Regulatory Acceptance ofthe Successfully Validated 3T3 NRU InVitro Phototoxicity Test

As no standard guidelines for testing photoirritation potential, either in vivo or in vitro, had been accepted for regulatory purposes at the international level by the OECD, in 1991 the European Commission (EC) and the European Cosmetics, Toiletry and Perfumery Association (COLIPA) established a joint program to develop and validate in-vitro photoirritation tests.

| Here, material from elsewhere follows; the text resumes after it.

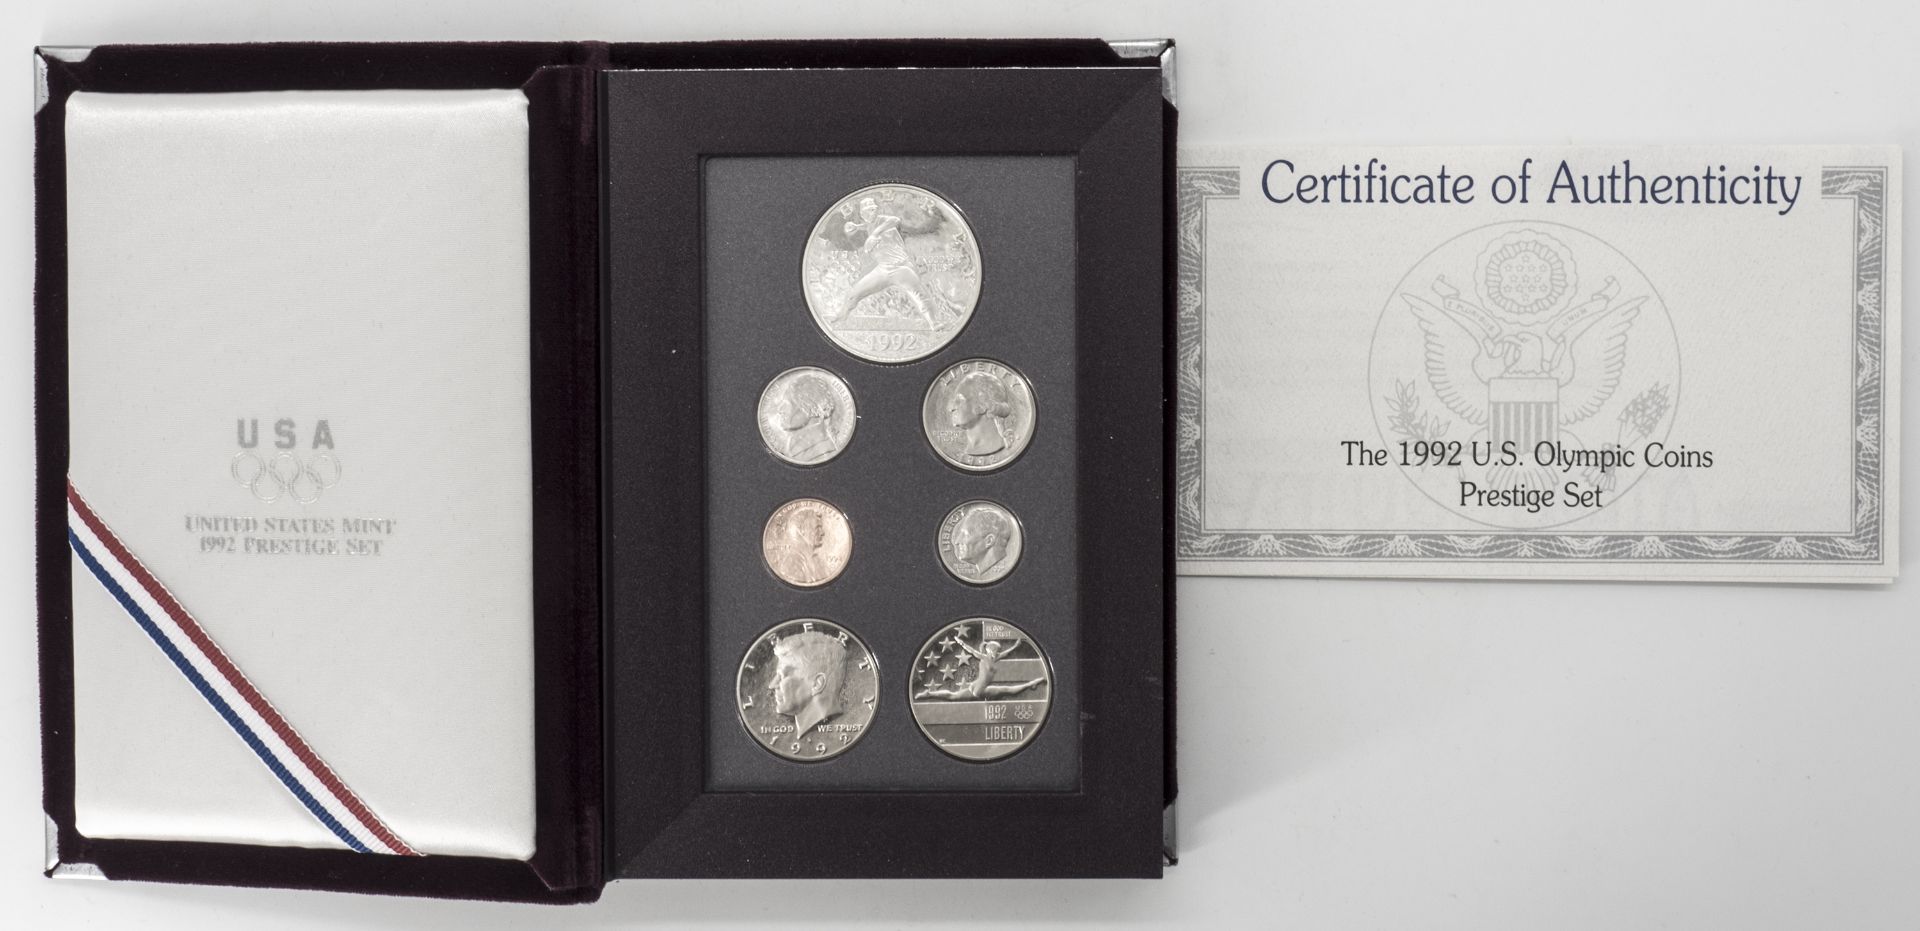 USA 1992, Prestige Set -Olympic Coins. Qualität: PP. Im Etui als Buch. mit Zertifikat. - Bild 3 aus 3

In the first phase of the study, which was funded by DG XI of the EC and co-ordinated by ZEBET, in-vitro phototoxicity tests established in laboratories of the cosmetics industry, and a new assay - the 3T3 NRU PT test, which is a photocytotoxicity test using the mouse fibroblast cell line 3T3 with neutral red uptake (NRU) as the endpoint for cytotoxicity - were evaluated.

In the prevalidation study conducted with 20 test chemicals, the 3T3 NRU PT in-vitro phototoxicity test was unexpectedly the only such test in which all 20 chemicals were correctly identified as phototoxic or non-phototoxic [16, 17]. Quite independently, a laboratory in Japan subsequently obtained the same correct results in the 3T3 NRU PT, when testing the same set of 20 test chemicals.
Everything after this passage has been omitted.